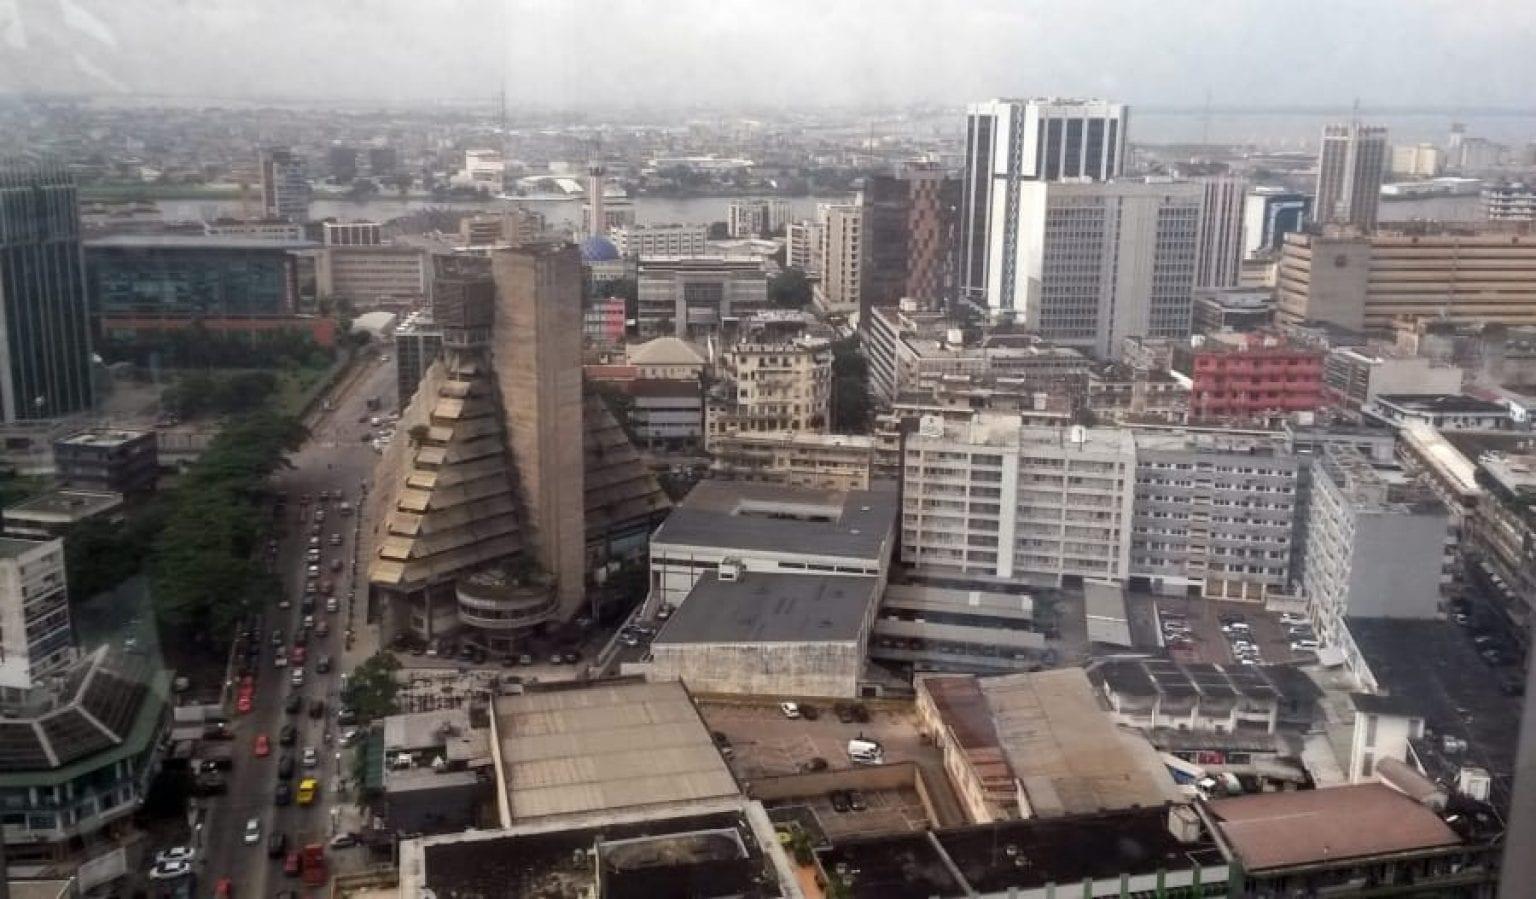 Coronavirus – Abidjan s'isole du monde ce 30 mars 2020 : à quand le corridor humanitaire ?
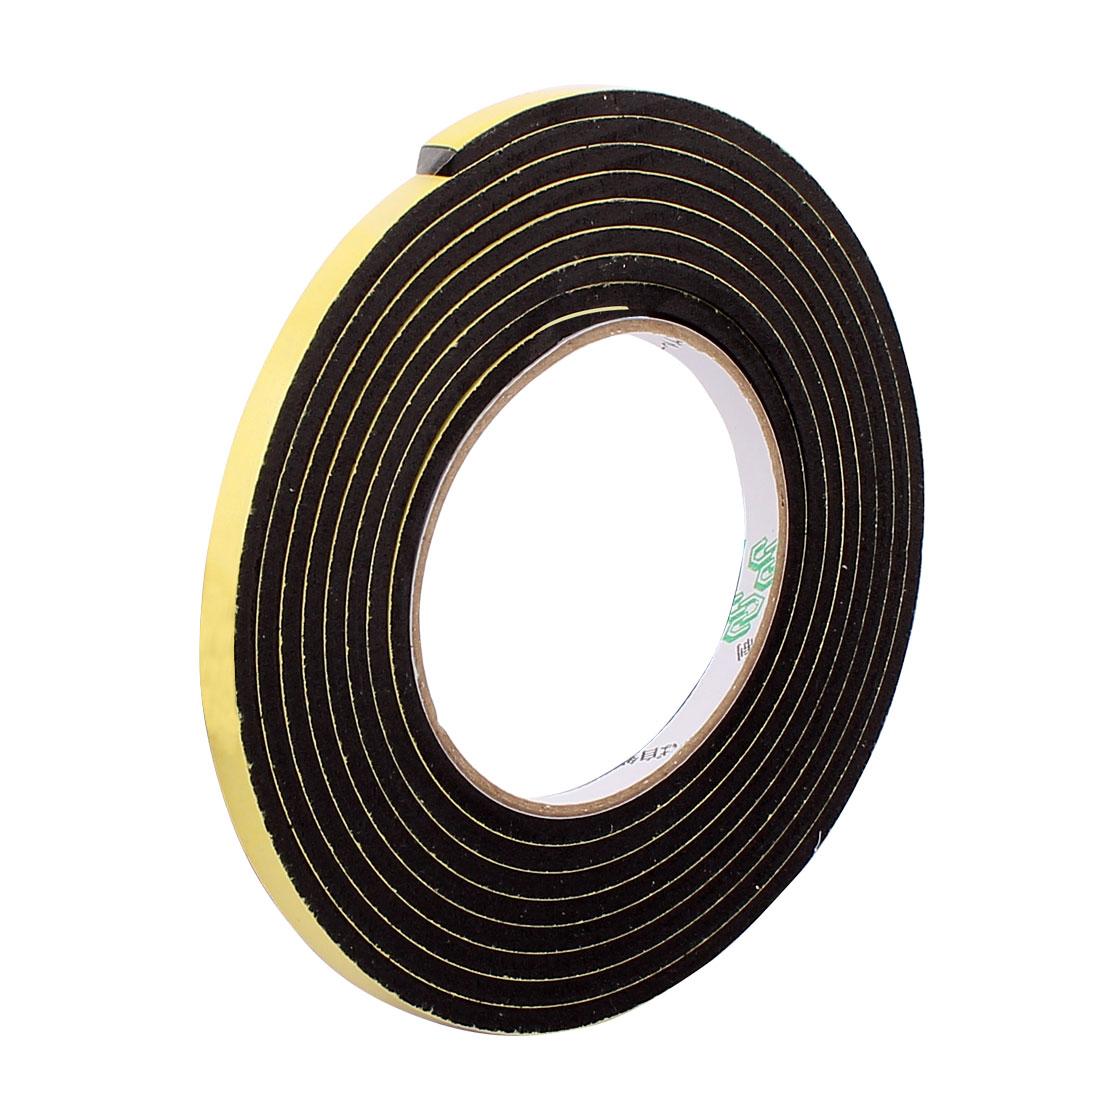 Black 0.6CM Wide 4M Length 3MM Thick Single Sided Shockproof Sponge Tape
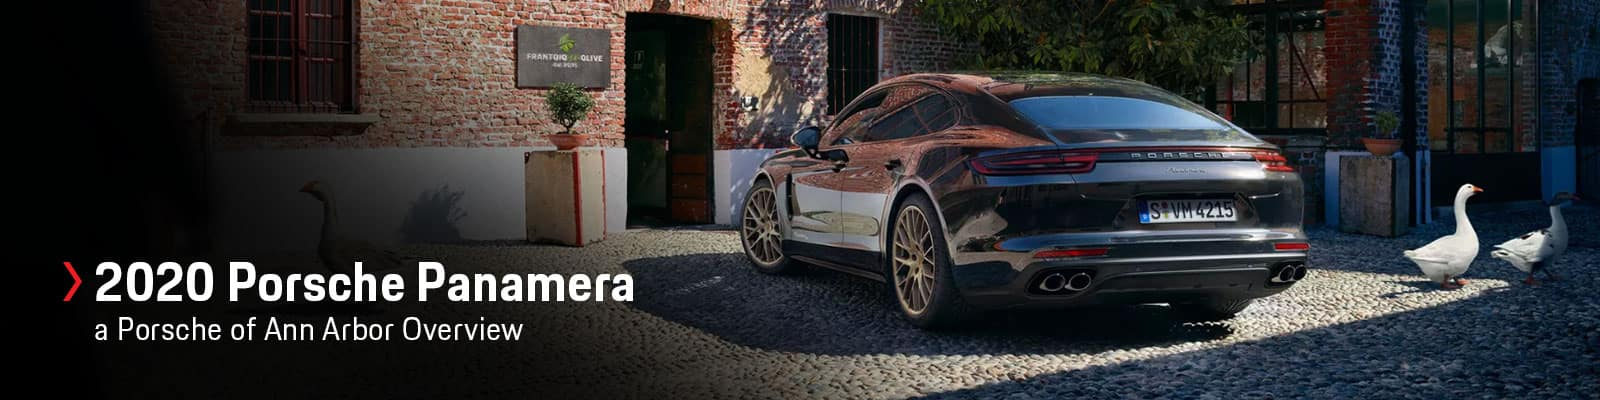 2020 Porsche Panamera Model Review with Prices, Photos, & Specs at Porsche of Ann Arbor

### [EXERCISE REQUIREMENTS]
Every line above should be returned word for word, with the pictures left behind.

### [EXERCISE RESPONSE]
 Coronavirus – Abidjan s'isole du monde ce 30 mars 2020 : à quand le corridor humanitaire ?
 Black 0.6CM Wide 4M Length 3MM Thick Single Sided Shockproof Sponge Tape
 2020 Porsche Panamera Model Review with Prices, Photos, & Specs at Porsche of Ann Arbor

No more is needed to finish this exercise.